Sean Morrison, an editor at eLife and a Howard Hughes Medical Institute investigator at the University of Texas Southwestern Medical Center, says that by his count, two studies’ findings were substantially reproduced. The findings of one other were not, he says, and two others have results that simply can’t be interpreted.
“One of the difficulties of the reproducibility project is they have limited time and resources to spend on any one study,” Morrison says. “As a result, they can’t go back and do these things over and over again when the first results turn out to be uninterpretable.”
Errington agrees that the reproducibility project leaves that big question hanging — but the scientists don’t plan to answer it.
“As exciting as that is, and as important as that is — and we hope someone else will follow up on it — we’re more curious about, ‘What does that look like when we do this across many, many, many studies.’ ”
But Dr. Erkki Ruoslahti, at the nonprofit Sanford Burnham Prebys Medical Discovery Institute in La Jolla, Calif., is worried that the reproducibility project could do real damage. The reviewers couldn’t reproduce his original study but didn’t follow up to understand why.
“I am really worried about what this will do to our ability to raise funding for our clinical development,” he writes in an email to Shots. “If we, and the many laboratories who have reproduced our results, are right and the reproducibility study is wrong — which I think is the case — they will not be doing a favor to cancer patients.”
Dr. Irving Weissman, a professor of pathology and developmental biology at Stanford University, is also disappointed in how the reproducibility project handled his experiment. His paper reported finding a protein that’s present on all human cancer cells — a finding that Weissman says has been replicated many times in other labs.

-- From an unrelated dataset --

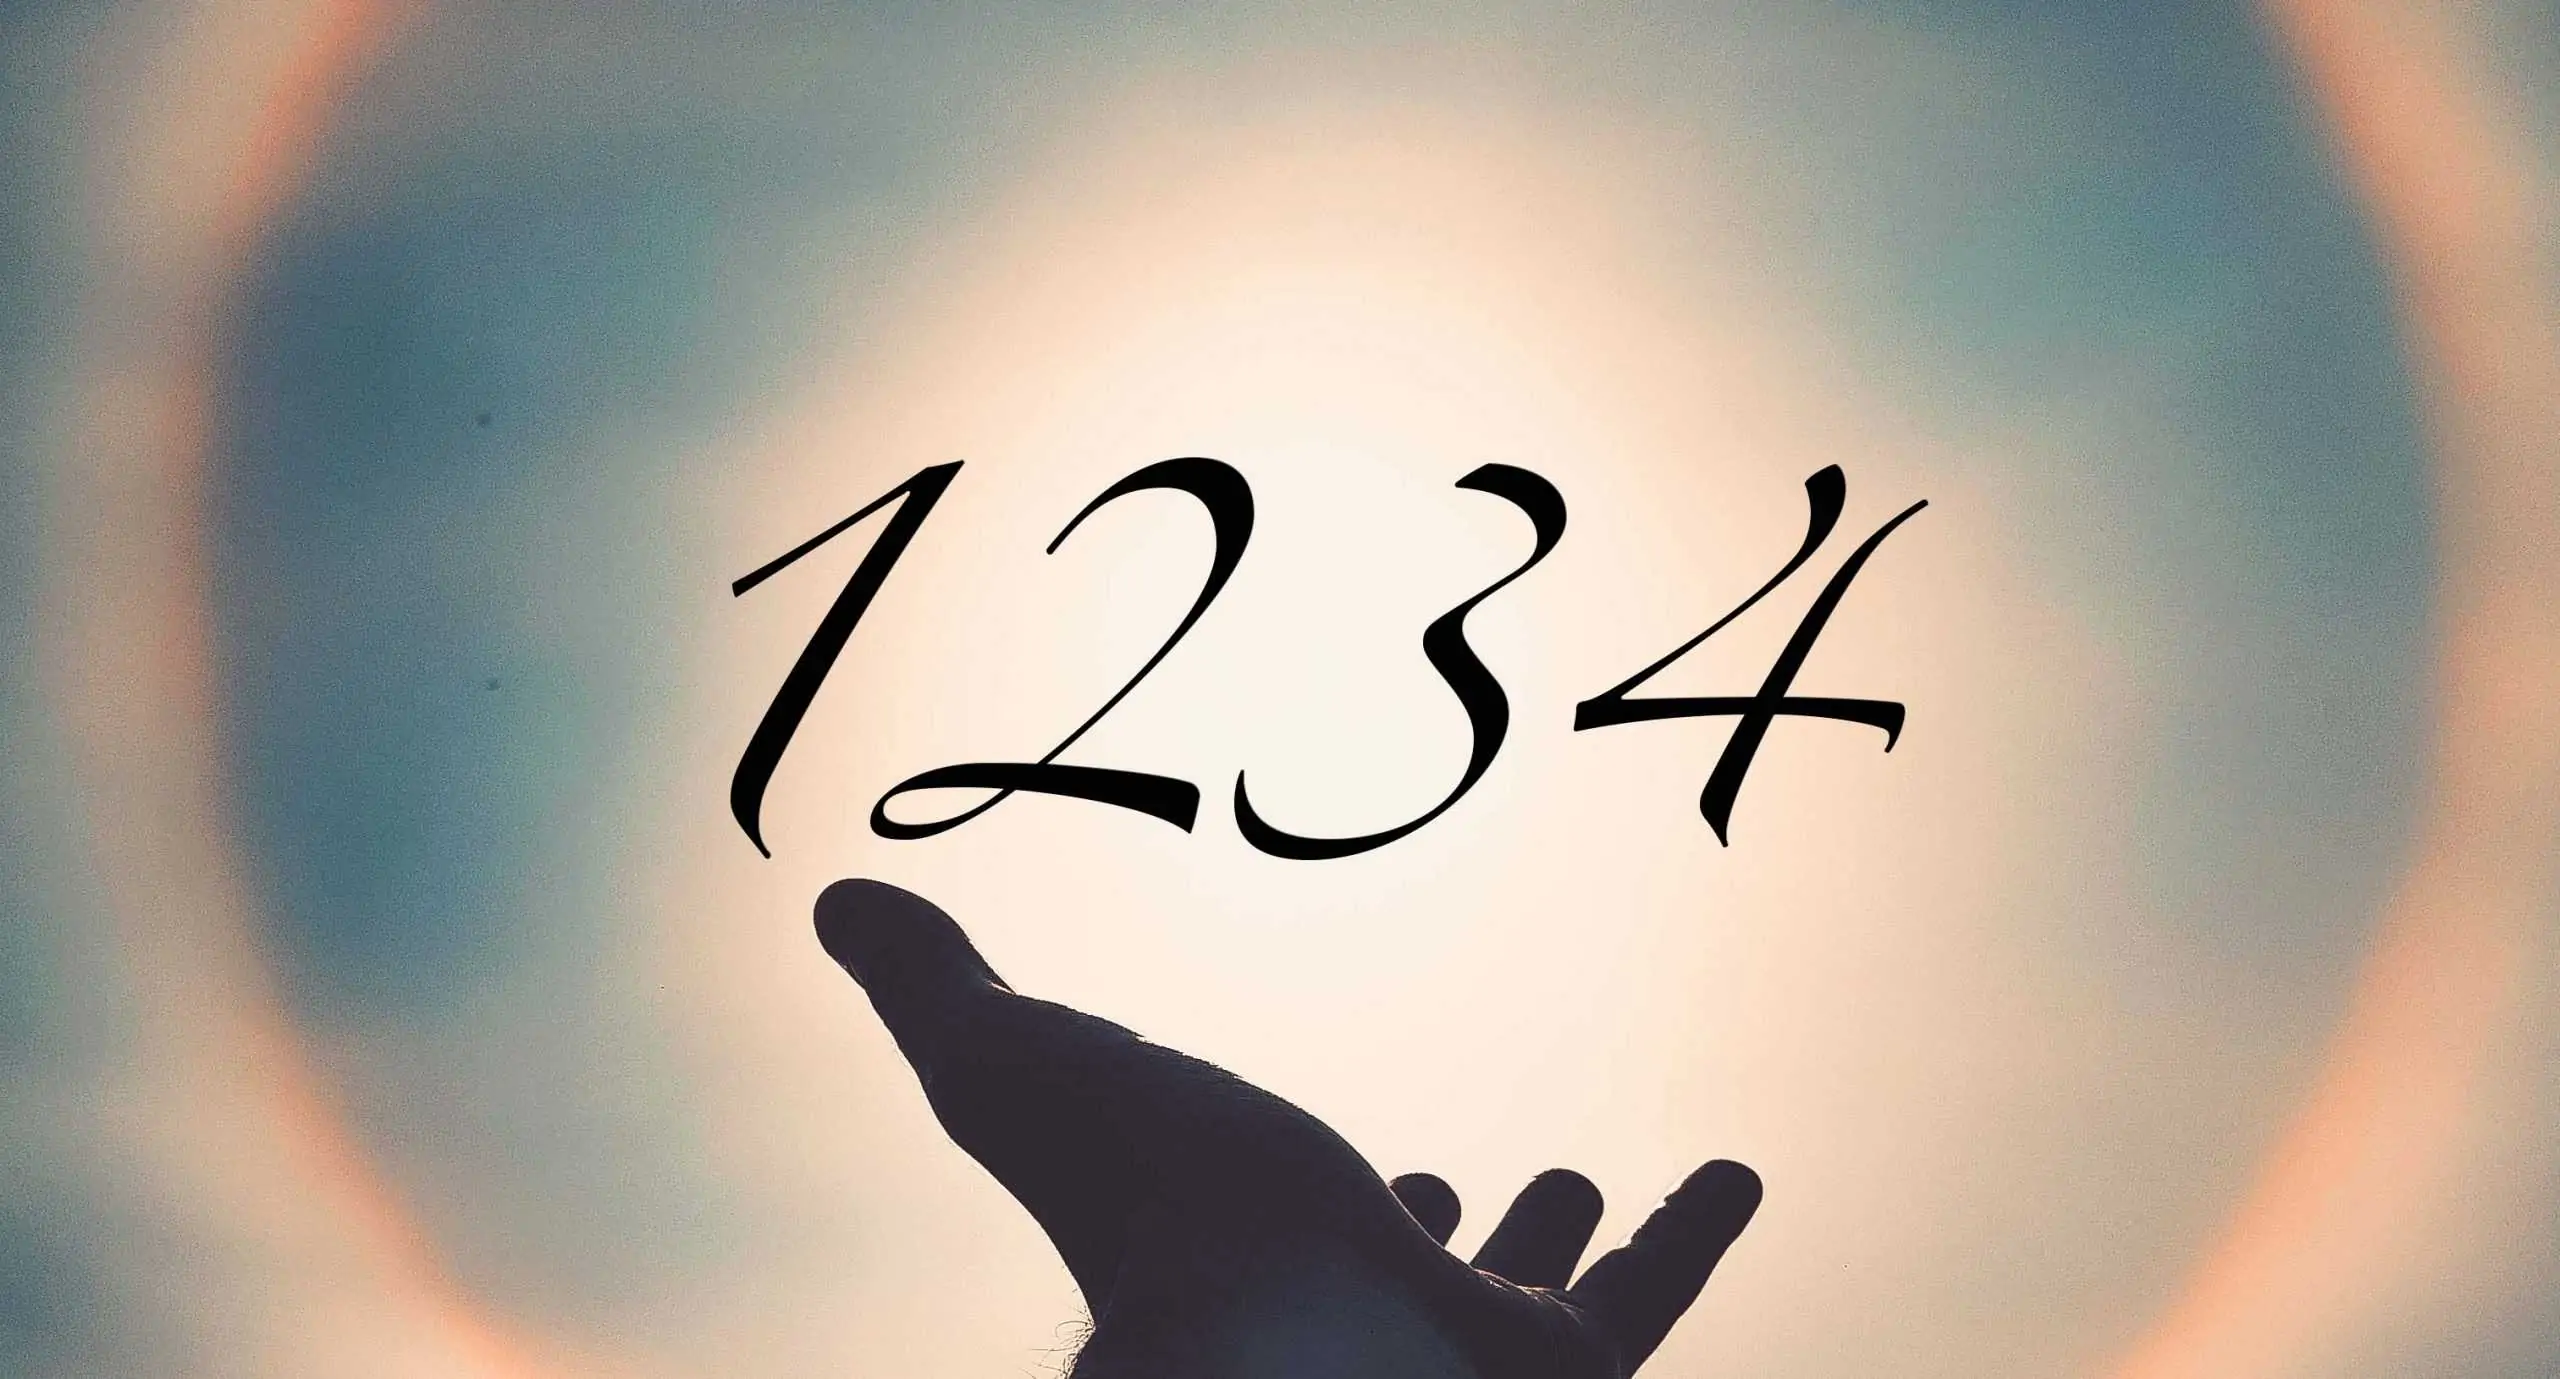 Signification du nombre 1234
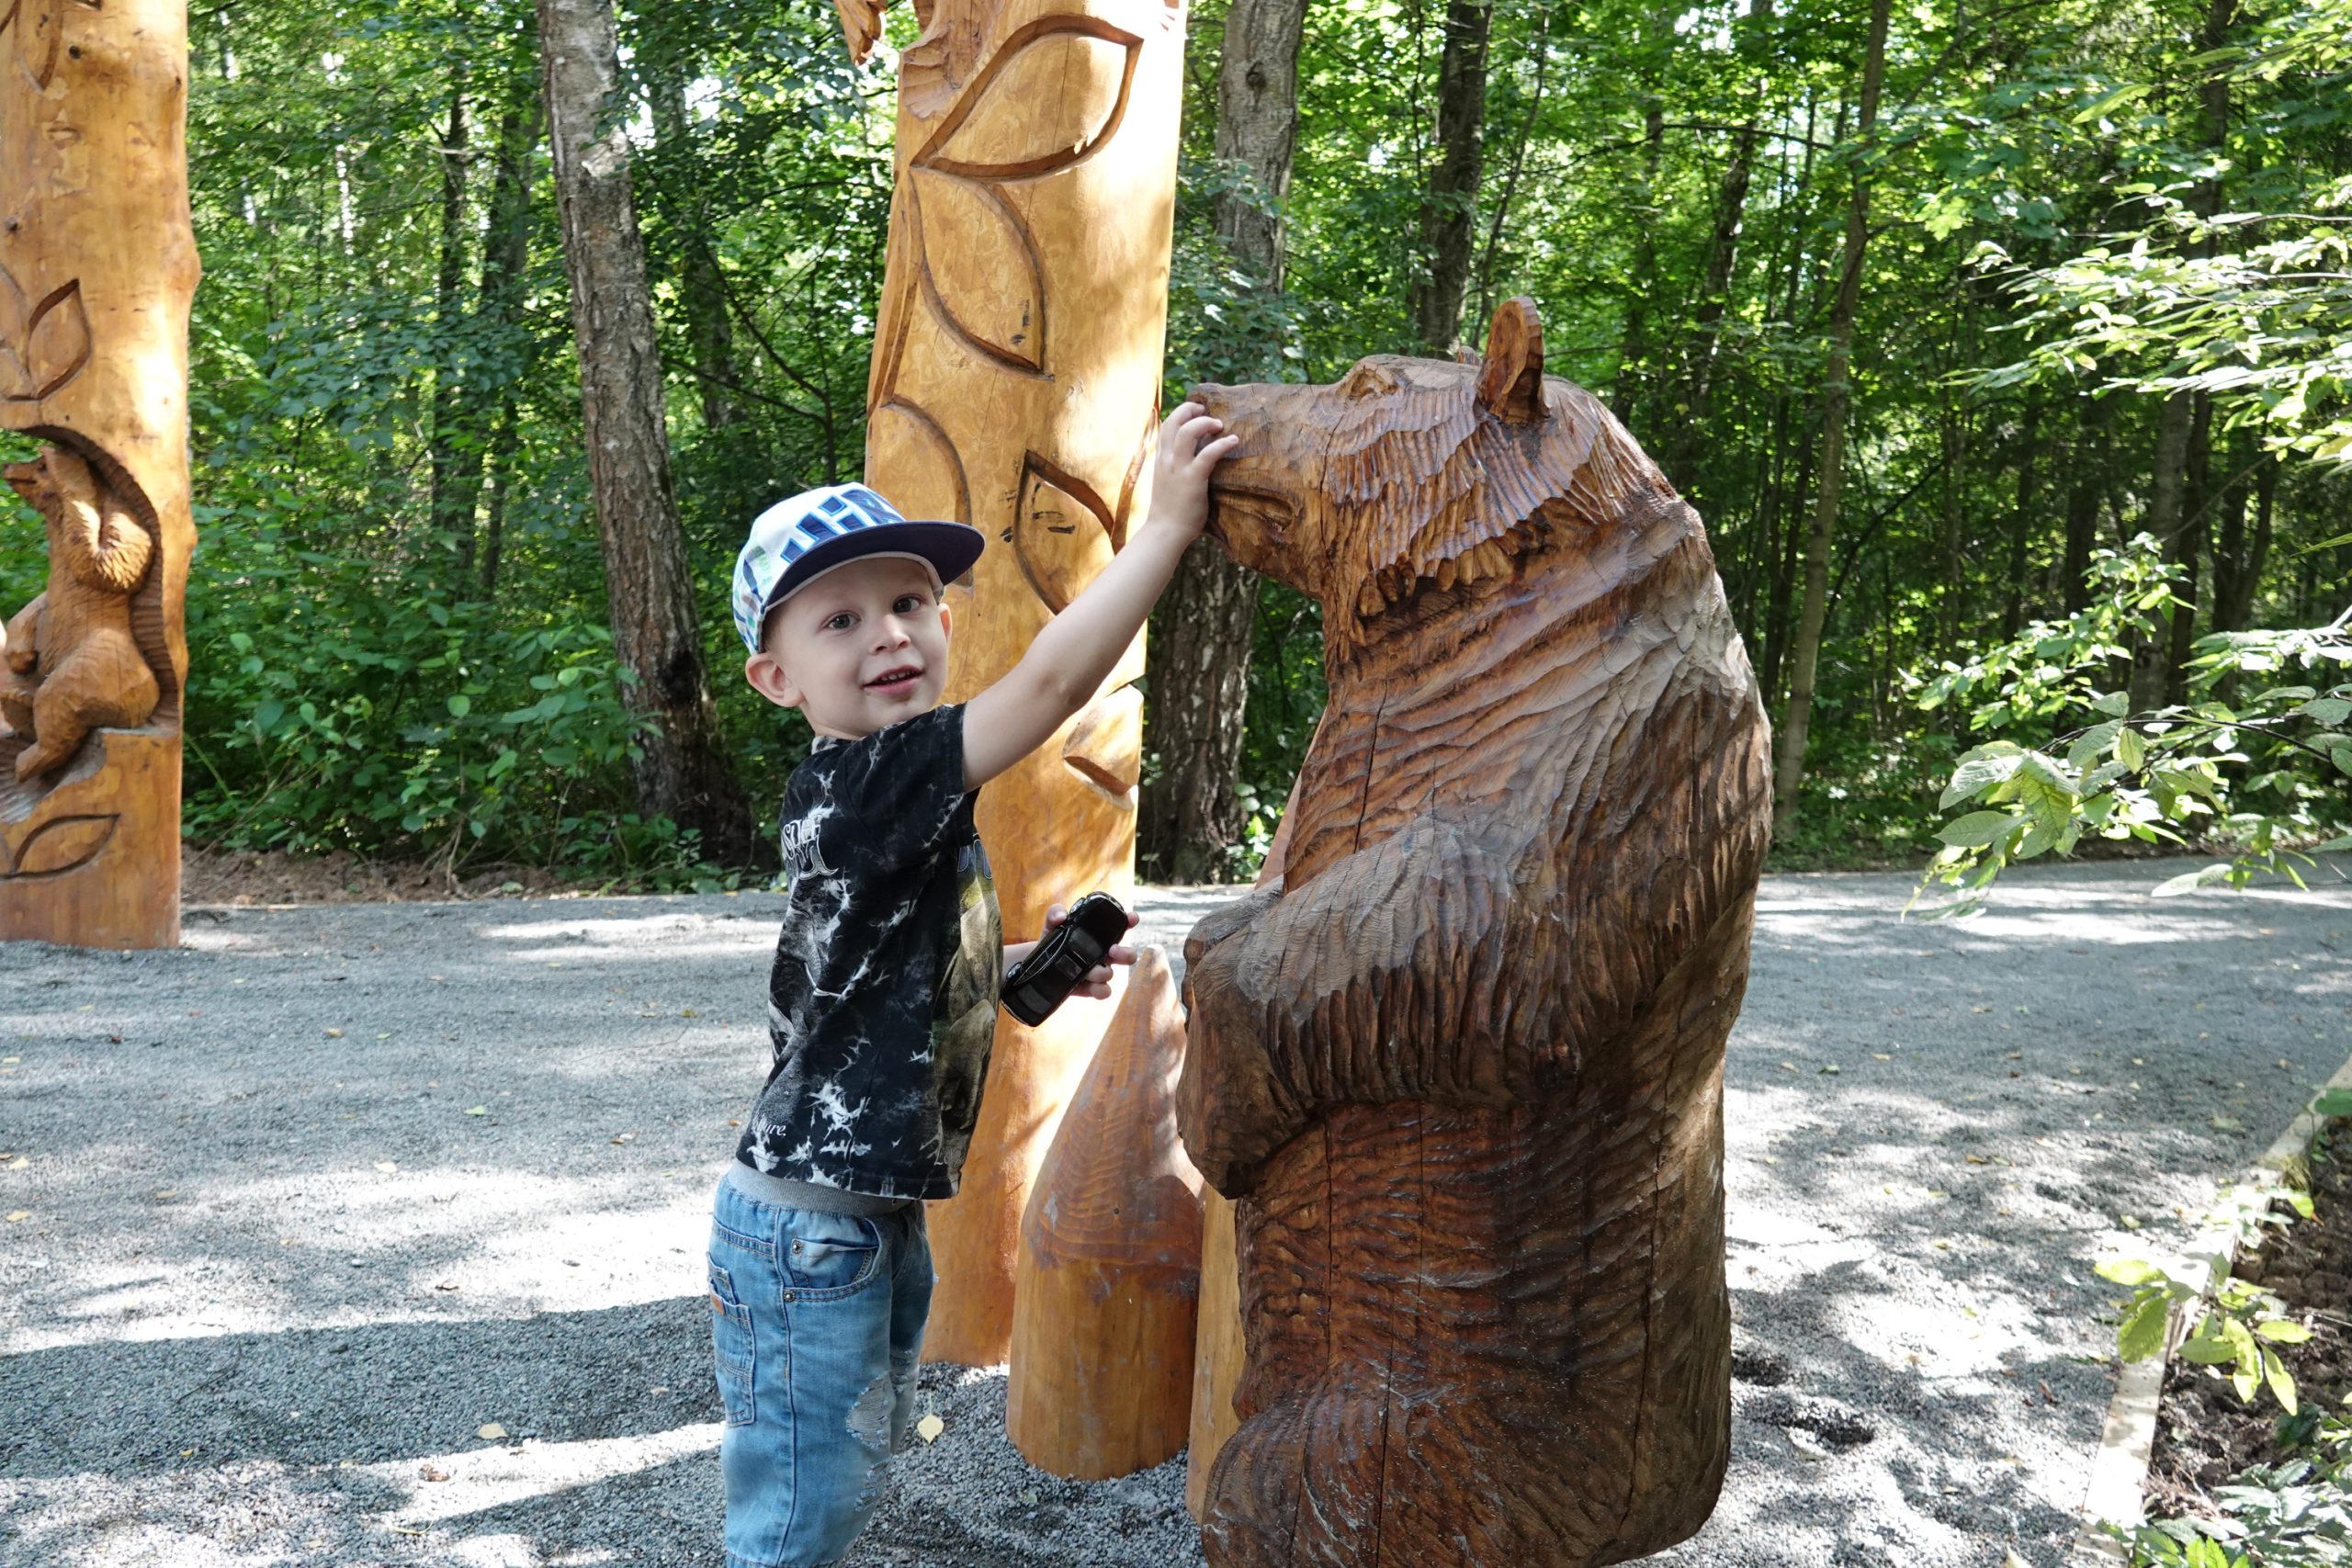 26 июля 2019 года. Юный житель поселения Московский Матвей Бурлак знакомится с деревянным медведем на экотропе.Фото: Виктор Хабаров

The reproducibility project chose to repeat a peripheral part of Weissman’s paper — an experiment involving mice, not human tissues. And, Weissman says, the replicating lab stumbled over an early step in the experiment, but plowed ahead anyway.
Weissman says he offered to bring scientists into his lab to train them in the technique, but the Reproducibility Project didn’t do that. (That would undercut one of its goals, which is to see whether scientists working independently can verify published results.)
It’s important to replicate important studies, Weissman tells Shots, “but you can’t do it halfheartedly. You have to be serious about it.”
Errington and Nosek hope people who hear about the project’s findings don’t jump to any conclusions about why individual studies came to different conclusions. They’re trying to look at the big picture across dozens of studies, the two scientists say, and they don’t place too much confidence in any single result.
The reproducibility project is looking for patterns across cancer research and also trying to identify common reasons that labs might have trouble reproducing one another’s work. Are the directions offered in the methods section of a paper too sketchy? Or maybe experiments frequently work only under unusual conditions.
Morrison, who is involved as a journal editor rather than a participant, says the entire reproducibility project is itself one big experiment.
“I think it’s too early for us to know whether this approach is the right approach or the best approach for testing the reproducibility of cancer biology,” he says. “But it will be a data point, and it will start the conversation.”
The conversation is important because the vast majority of treatment ideas that come from the lab fail when they’re tried in people. Cathy Tralau-Stewart, a pharmacologist at the University of California, San Francisco, says scientists often don’t know why those clinical failures occur, “and so that’s why I think studies like this are really, really important.”
Unfortunately, Nosek says, there are few incentives today for scientists to repeat experiments from other labs. The rewards are for publishing new ideas, not the less glamorous, but still critical, work of verifying somebody else’s findings.
“If we’re going to take reproducibility seriously,” Nosek says, experiments that attempt to reproduce the findings of others “need to be a valued part of scientific contribution.”